> **INSTRUCTIONS TO FOLLOW**
From the line containing "ORGANIC BIO ARJUNA" through the last line of the listing, output each line exactly as it stands. Omit pictures.

> **SUPPLIED MATERIAL**

^^^^^^^^

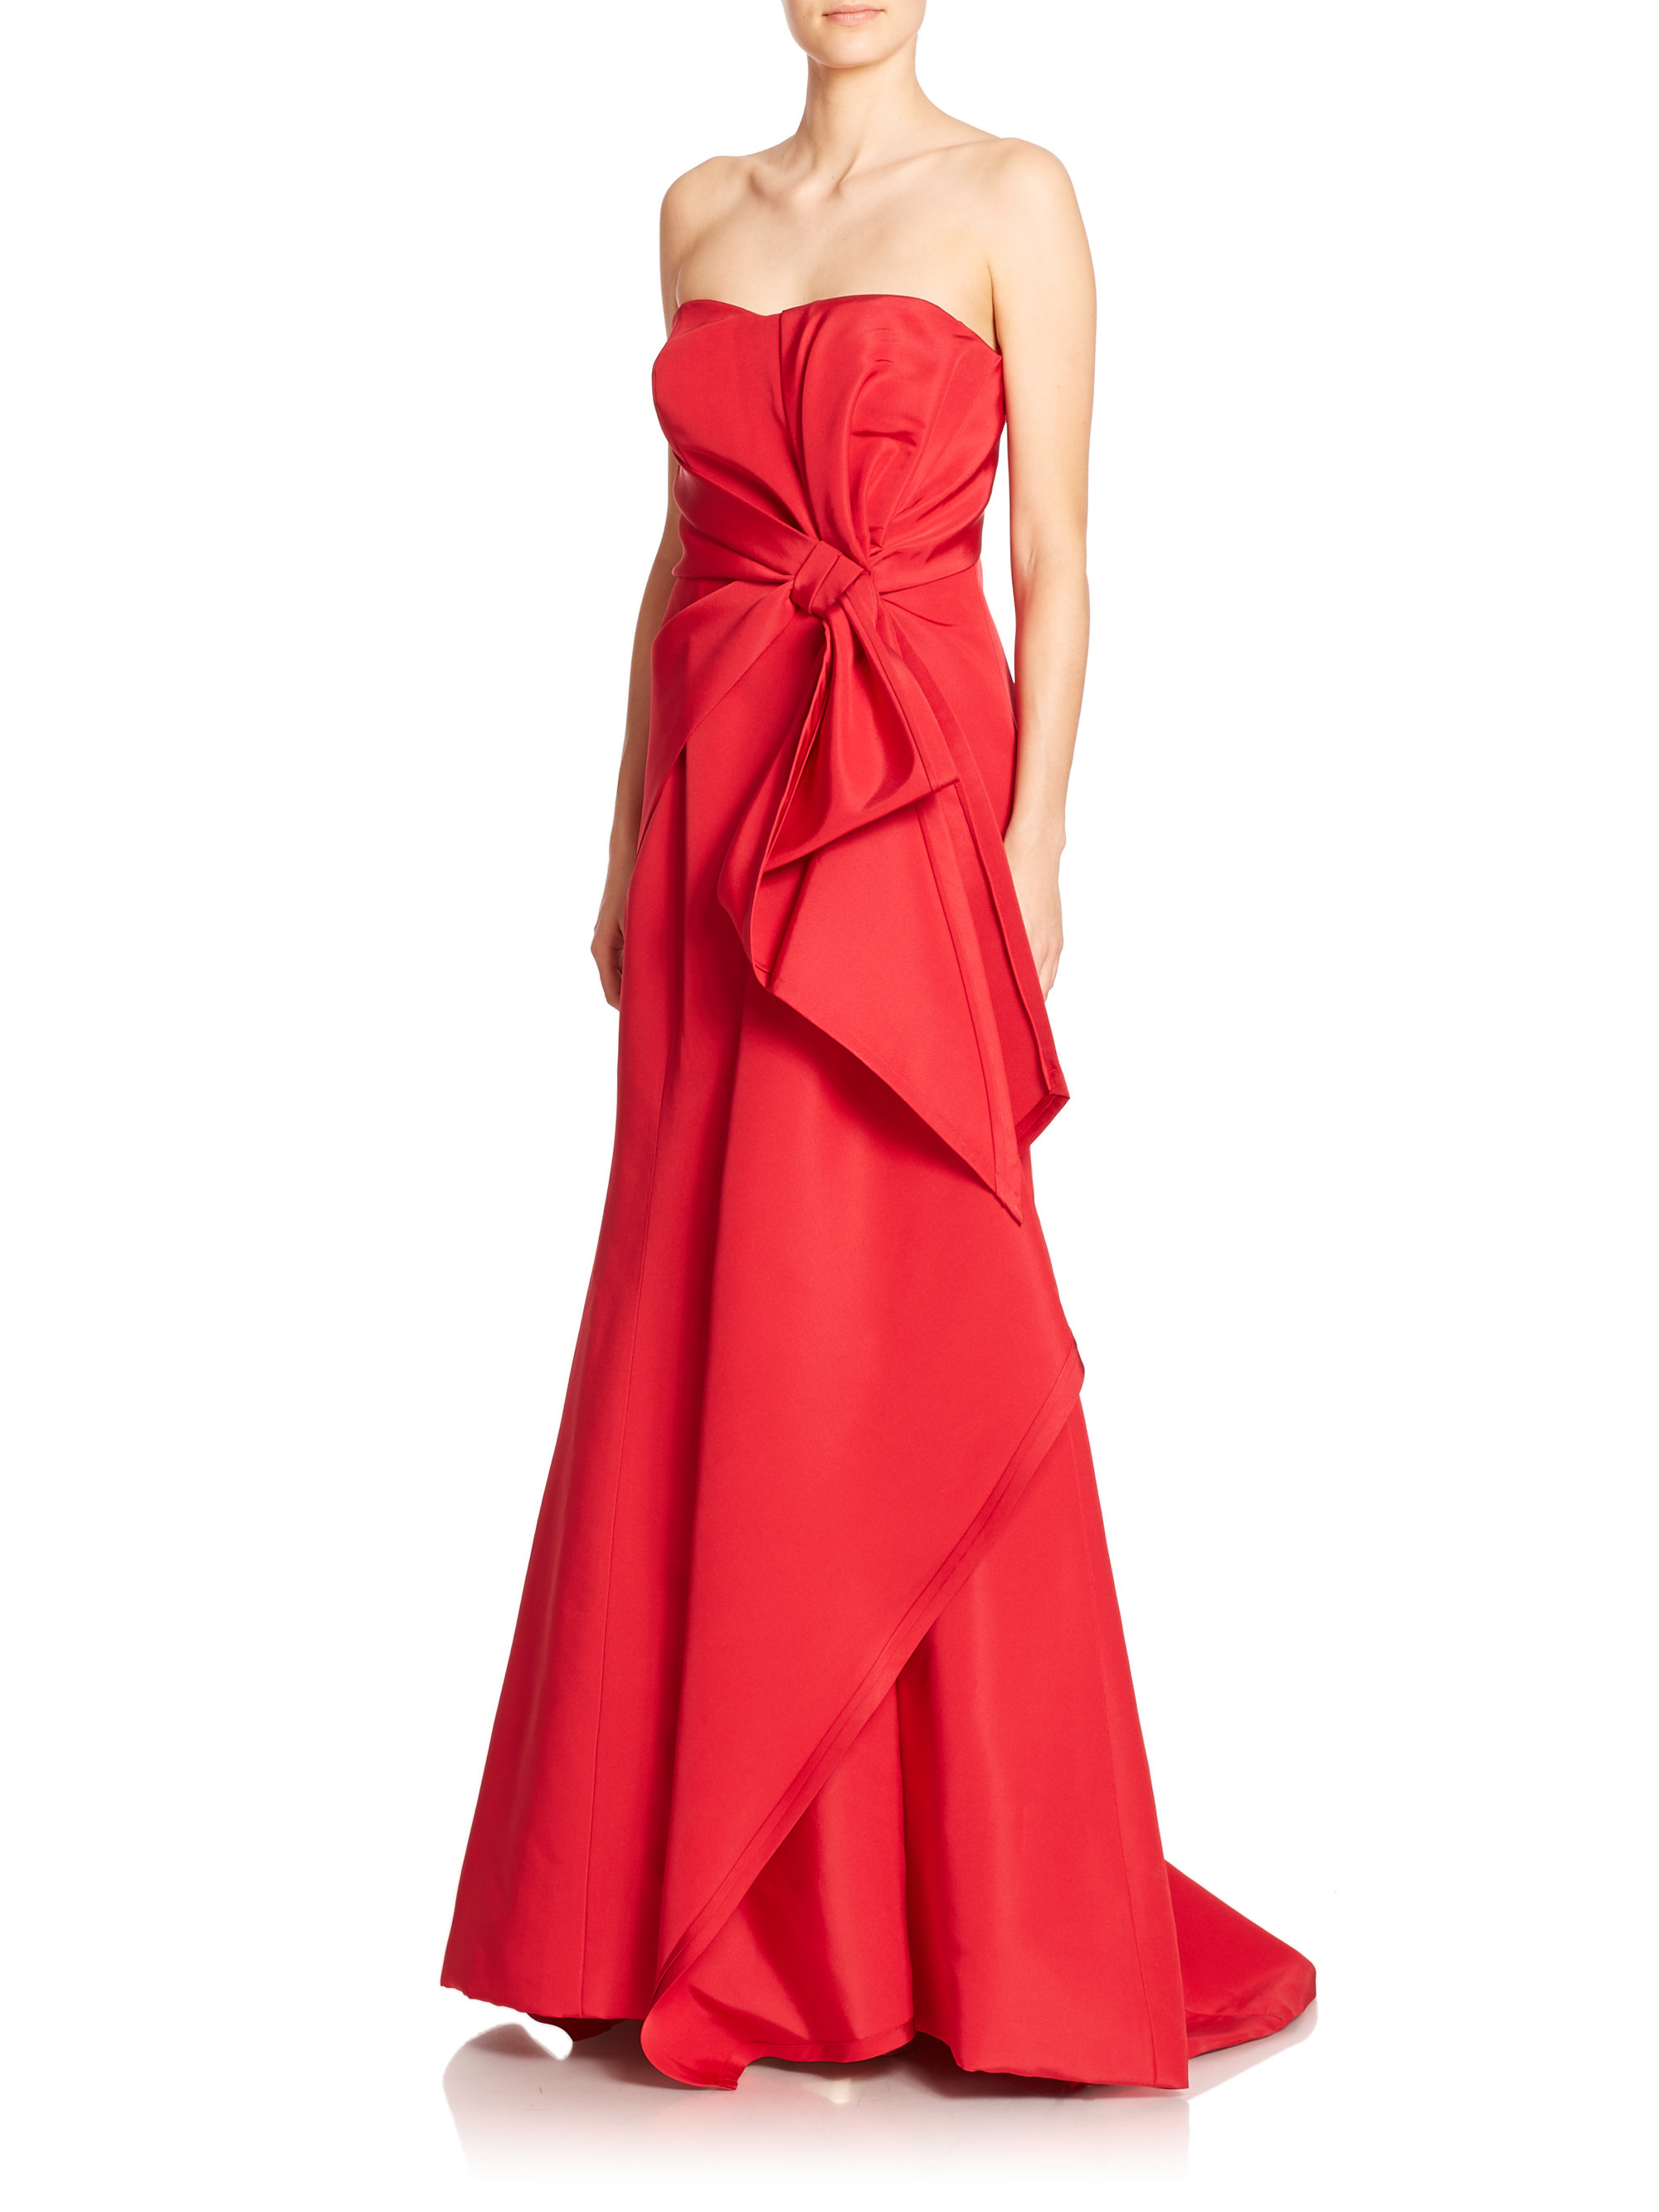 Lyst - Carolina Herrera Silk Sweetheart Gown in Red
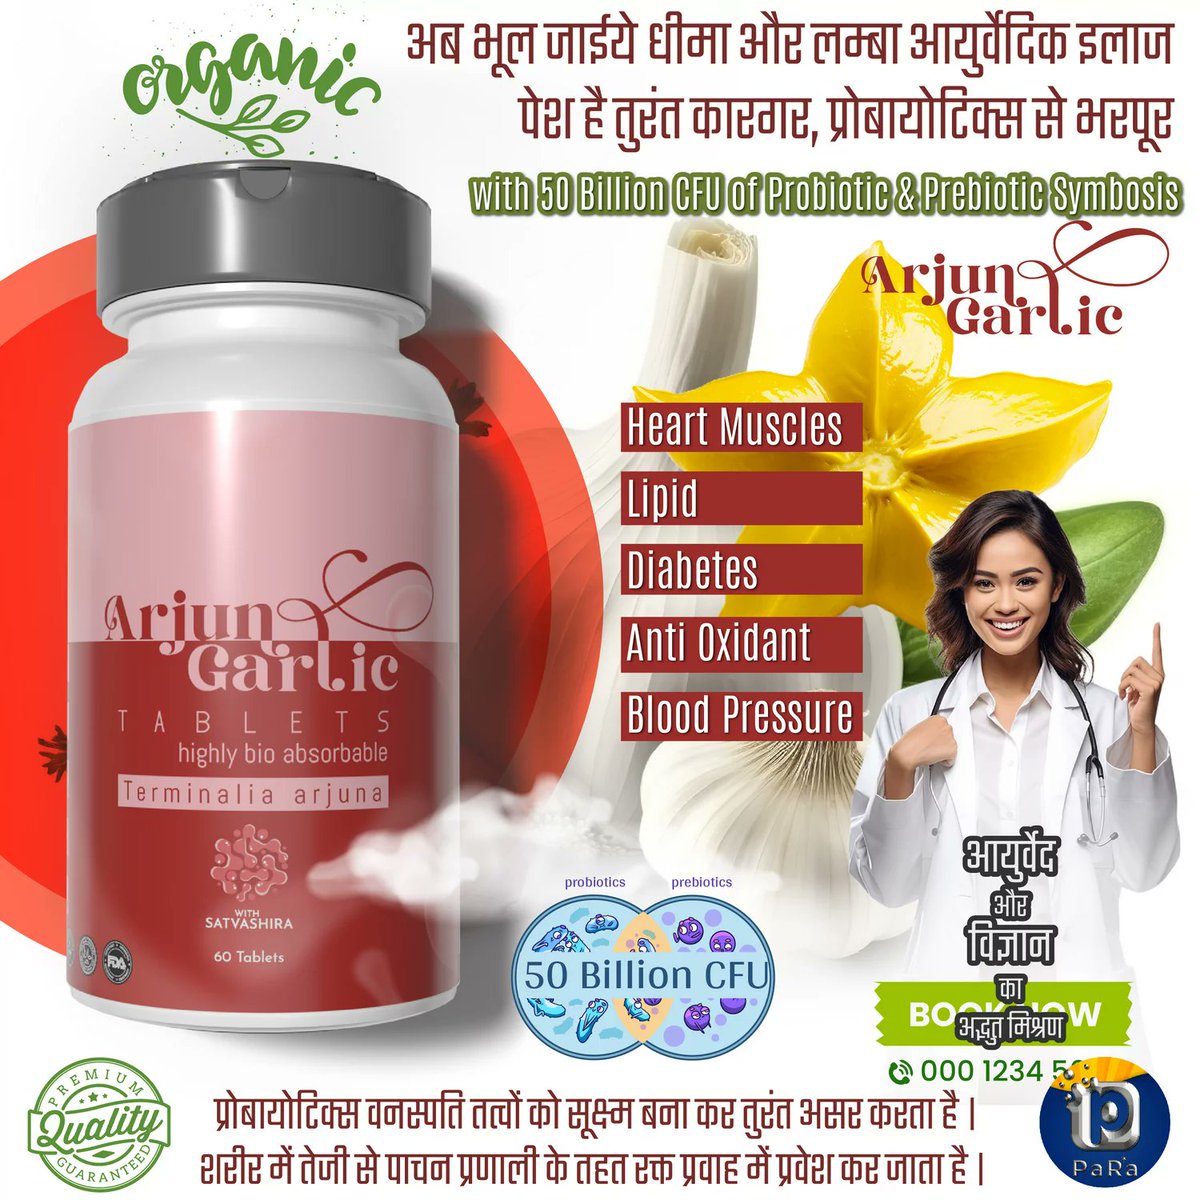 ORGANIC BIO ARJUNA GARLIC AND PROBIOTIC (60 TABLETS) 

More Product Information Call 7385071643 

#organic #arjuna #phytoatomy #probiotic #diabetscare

^^^^^^^^

> **WRITTEN ANSWER**
 ORGANIC BIO ARJUNA GARLIC AND PROBIOTIC (60 TABLETS) 

More Product Information Call 7385071643 

#organic #arjuna #phytoatomy #probiotic #diabetscare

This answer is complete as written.